Mazor Robotics reported financial results for 3Q:17. Total revenue was $17.2 million in 3Q:17, increasing 126% compared to $7.6 million in 3Q:17. Revenue generated in the U.S. increased from $5.7 million in 3Q:16 to $15.4 million in 3Q:17, selling seventeen of its Mazor X systems. International non-U.S. revenue decreased from $1.9 million in 3Q:16 to $1.8 million in 3Q:17. Revenue from system kit sales, services & other was $7.0 million in 3Q:17, representing a 63% increase compared to $4.3 million in 3Q:16. Gross margin for 3Q:17 increased to 69.2%, from 65.7.2% in 3Q:16. All growth rates are on a reported basis.
Vericel reported financial results for 3Q:17. Total revenue was $14.3 million in 3Q:17, beating consensus estimates by 7% and representing a increase of 30% compared to $10.9 million in 3Q:16. Net revenue for the company's MACI (autologous cultured chondrocytes on porcine collage membrane) implants and Epicel (cultured epidermal autografts) and Carticel (autologous cultured chondrocytes) product revenues were $9.9 million and $4.4 million and $8.3 million in 3Q:17.. Gross margin for 3Q:17 increased to 77.6% from 37.6% in 3Q:16. All growth rates are on a reported basis.
Diamond Orthopedic secured $3.5 million seed round of equity funding led by MagnaSci Fund LP. The new capital will be used to support the company’s technology, a faceted threadform designed to reduce friction and compressive stress at the bone-screw interface, thus reducing the risk of microfractures.
Extremity Medical received 510(k) clearance from the FDA for its Omni MTP, a fusion system that provides all traditionally used methods for fixation of the MTP joint for fusion. The system also utilizes the PlantarFiX system which is designed to generate consistent plantar-side compression across the arthrodesis site regardless of patient bone quality.
MedShape received 510(k) clearance from the FDA for its DynaNail XL TTC Fusion System, indicated for tibiotalocalcaneal (TTC) fusion surgery and designed for use in patients with longer tibial anatomies or those with prior failed fusion procedures using and intramedullary nail. The system employs pseudoelastic properties of Nitinol to provide compression like that of an external frame.
Mortise Medical received 510(k) clearance from the FDA for its SyndesMetrics Syndesmosis Repair system, designed to support predictable/repeatable anatomic reduction, restoration of physiological motion and restoration of ankle stability.

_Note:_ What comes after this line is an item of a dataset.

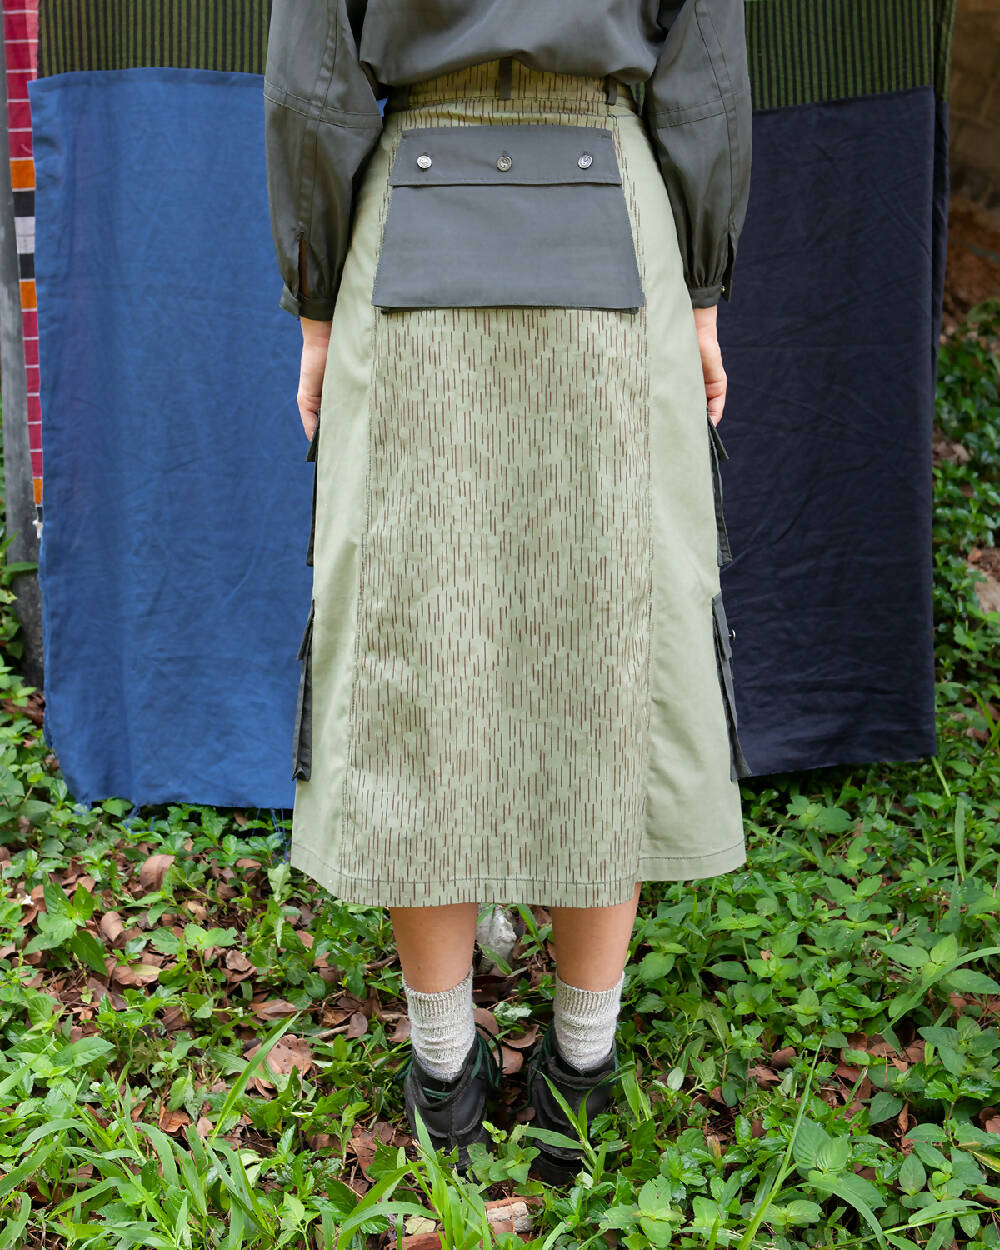 W'menswear Fly Pocket Skirt in Rain Camo
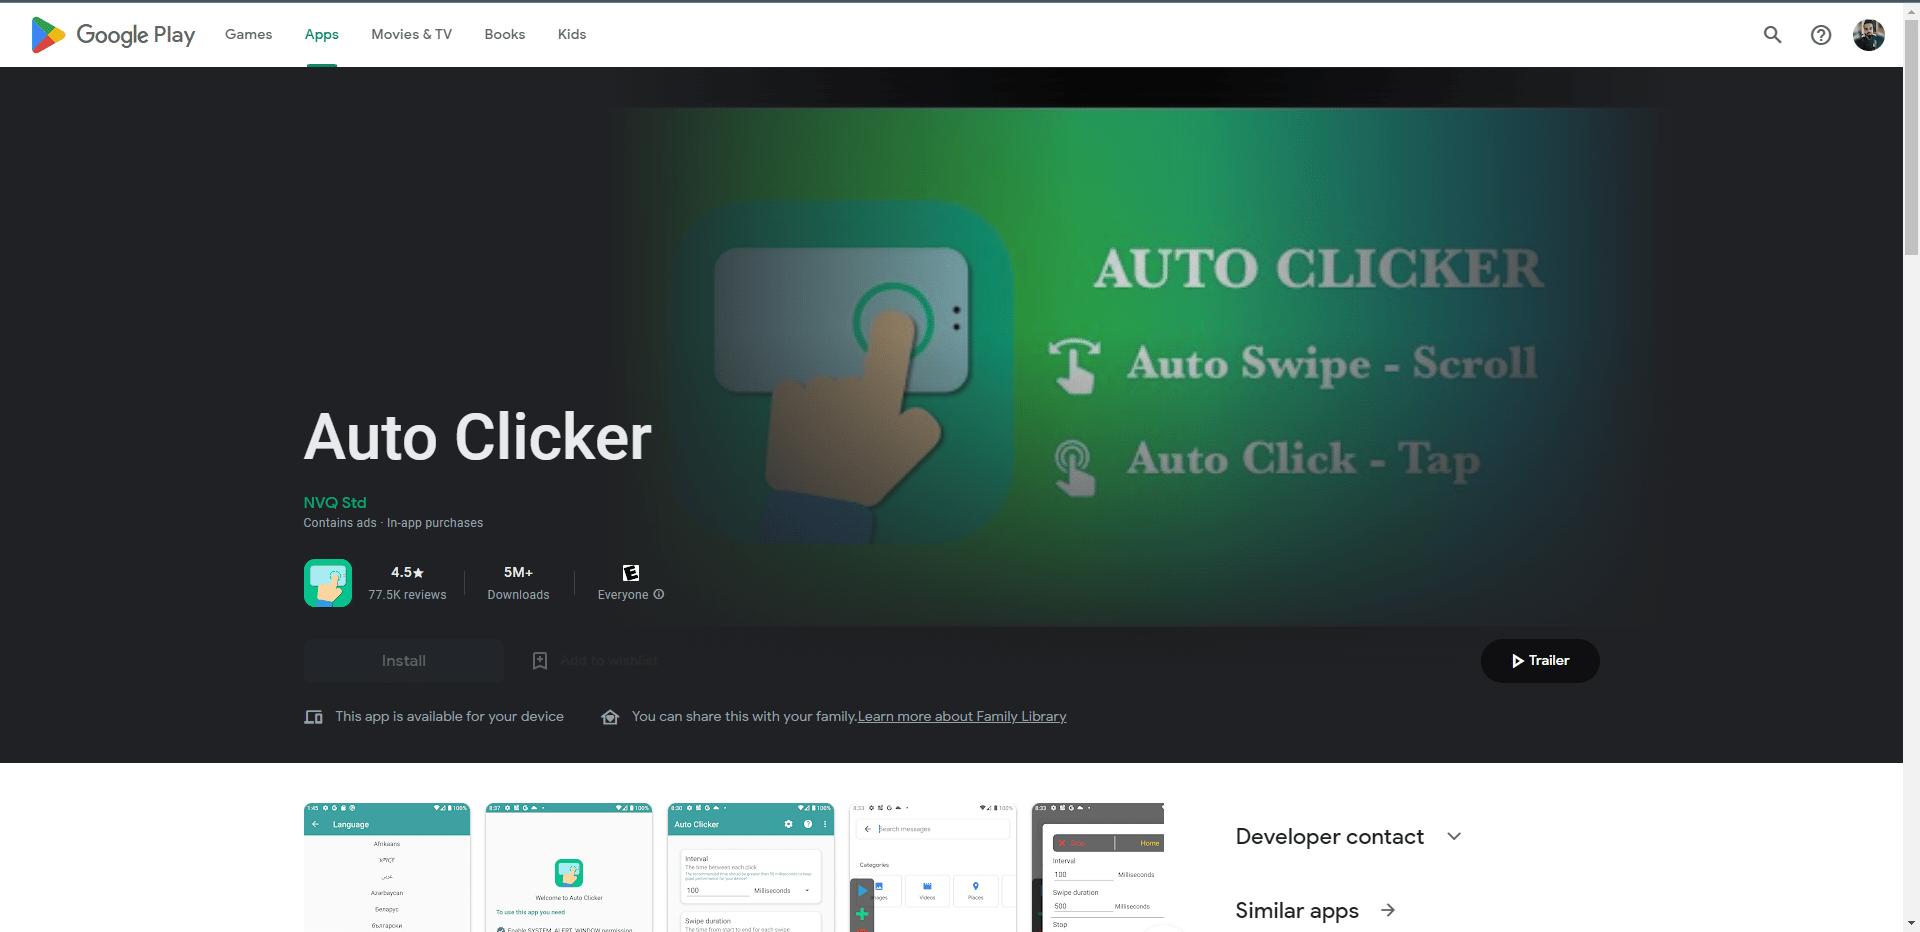 Auto Clicker NVQ Std Play Store webpage

The systems requires minimal hardware prominence, no suture prominence and a reversible locking mechanism for securing the high strength suture tape that connects the tibial and fibular implant components.
OrthoPediatrics and Bioretec announced that they have amended their existing distribution agreement in order for OrthoPediatrics to market and sell Bioretec’s bioresorbable orthopedic bone and soft-tissue fixation implant under OrthoPediatrics brand, TorqLoc. The system is indicated for the treatment of musculoskeletal defects and trauma related bone and soft-tissue injuries in children and young people.
Titan Spine announced the first surgeries completed using its Endoskeleton interbody fusion devices and surface technology in Australia. The company received registration approval from the Australian Therapeutic Goods Administration (TGA) in 2014 and the New Zealand Medicines and Medical Devices Safety Authority to commercially market its line of Endoskeleton devices.